Cervello con l’Alzheimer

Alzheimer’s disease: the process that destroys the brain involves two proteins called beta-amyloid and tau detected by two blood tests.

Beta-amyloid clumps into plaques, which slowly build up between brain cells.

Abnormal tau accumulates inside brain cells, forming tangles.

PET scans of the brain and lab tests of spinal fluid can reveal disease-related changes, or pathology, twenty years before the onset of symptoms, but a blood-based screening test would identify people who have started down the path toward Alzheimer’s years before they could be diagnosed based on symptoms.

However, PET imaging is expensive and involves radioactive agents, and spinal fluid tests are invasive, complex, and time-consuming.

Researchers are looking for simpler, more cost-effective tests: a blood test would be cheaper and less invasive than PET scans or spinal taps.

Amyloid beta blood test
“Our results demonstrate that this amyloid beta blood test can detect if amyloid has begun accumulating in the brain,” said Randall J. Bateman, MD, the Charles F. and Joanne Knight Distinguished Professor of Neurology and the study’s senior author.

“This is exciting because it could be the basis for a rapid and inexpensive blood screening test to identify people at high risk of developing Alzheimer’s disease.”

As the brain engages in daily tasks, it continually produces and clears away amyloid beta.

Some is washed into the blood, and some floats in the cerebrospinal fluid, for example.

If amyloid starts building up, though, it can collect into plaques that stick to neurons, triggering neurological damage.
(link…https://www.mybestlife.com/health/News-2017-Jul/20170726-Alzheimer-blood-test.html)

Tau blood test
A team led by Dr. Adam Boxer at the University of California, San Francisco investigated whether a new blood testing technique called Simoa could be used to measure the concentrations of tau and predict development of Alzheimer’s disease.

The study was funded in part by NIH’s National Institute on Aging (NIA), National Institute of Neurological Disorders and Stroke (NINDS), and National Center for Advancing Translational Sciences (NCATS). Results were published online on March 2, 2020, in Nature Medicine.

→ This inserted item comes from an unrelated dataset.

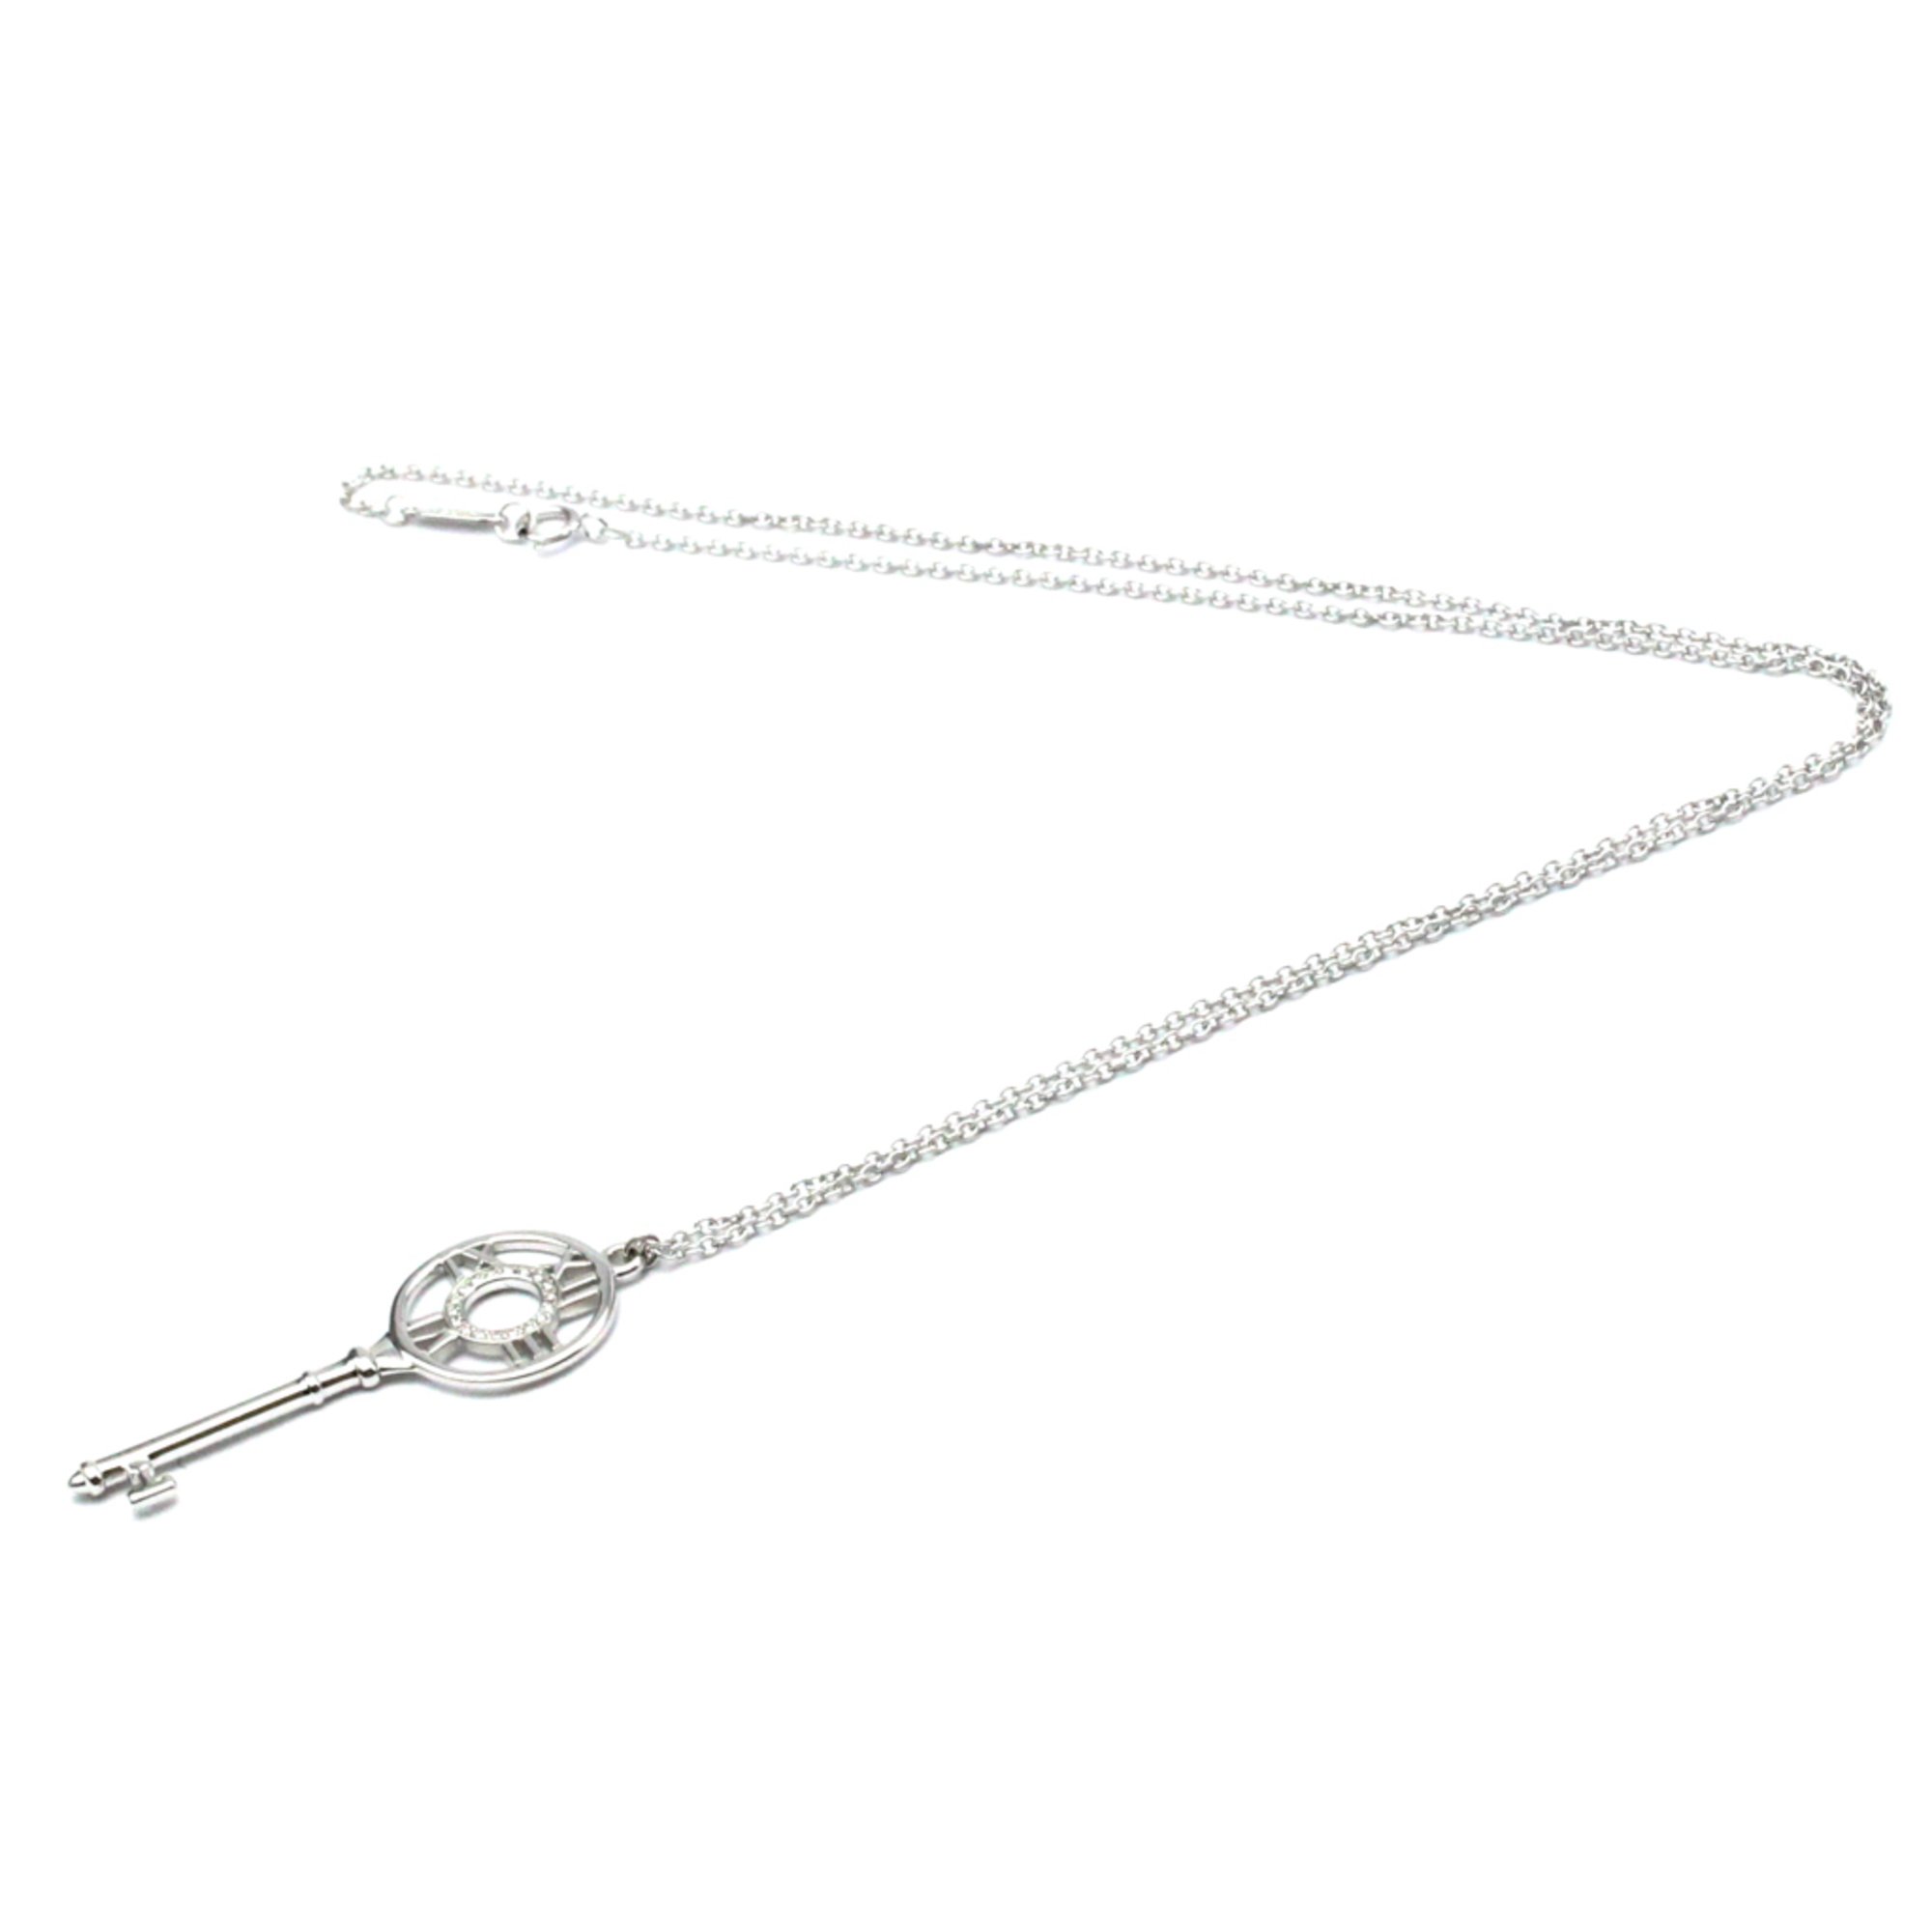 Tiffany Atlas Key Necklace White Gold (18K) Diamond Men,Women Fashion Pendant Necklace (Silver)

The team collected blood samples from more than 400 people. They measured the concentration of ptau181—a modified version of tau that’s been linked with Alzheimer’s disease—in blood plasma, the liquid part of blood.

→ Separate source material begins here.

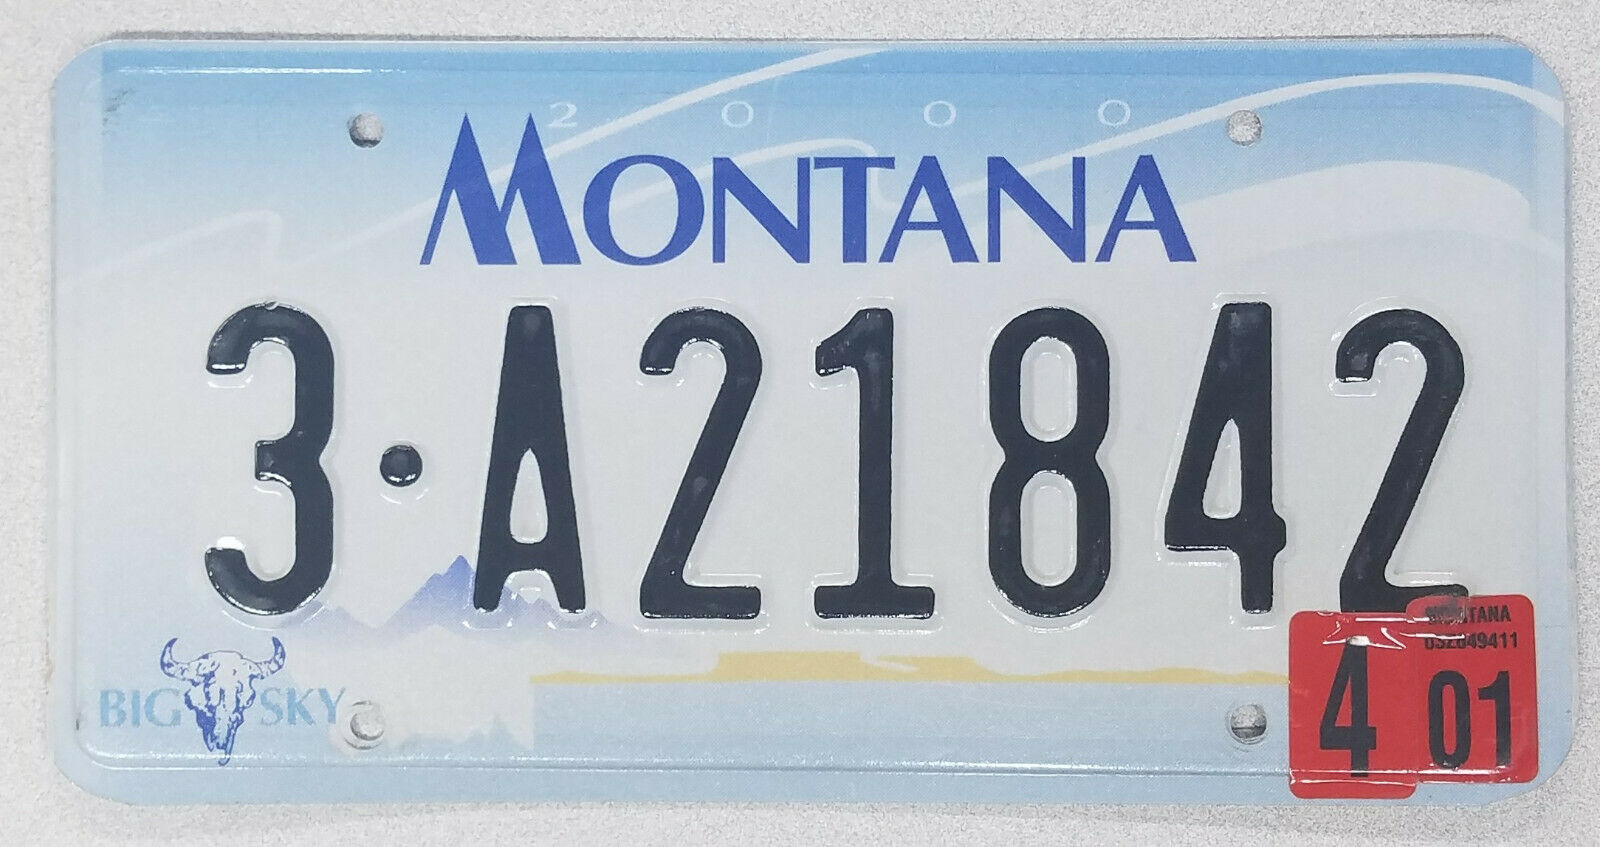 Montana Expired 2000 Big Sky Mountain Range Base License Plate ~ 3-a21842

Their analysis showed that the ptau181 in plasma differed between healthy participants and those with Alzheimer’s pathology confirmed in autopsies.

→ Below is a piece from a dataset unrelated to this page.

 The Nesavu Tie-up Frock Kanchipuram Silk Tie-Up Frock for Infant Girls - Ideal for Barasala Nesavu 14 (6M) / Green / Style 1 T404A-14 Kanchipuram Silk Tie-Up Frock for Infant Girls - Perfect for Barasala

The test could also differentiate Alzheimer’s pathology from a group of rare neurodegenerative diseases known collectively as frontotemporal lobar degeneration.

The results with the plasma ptau181 test also mirrored results with two established biomarker tests for Alzheimer’s—a spinal fluid ptau181 test and a PET brain scan for beta-amyloid protein.

A research team in Sweden reported similar findings in a second paper published in the same journal issue.

Using the same plasma ptau181 test, they were able to differentiate between Alzheimer’s and other neurodegenerative diseases nearly as well as they could with a spinal fluid ptau181 test and a PET brain scan for tau protein.

In addition, they followed participants for several years and observed that high levels of plasma ptau181 among those who were cognitively normal or had mild cognitive impairment could be used to predict later development of Alzheimer’s dementia.

See also
Blood test could detect early sign of Alzheimer’s key Alzheimer’s marker (2017-07-26)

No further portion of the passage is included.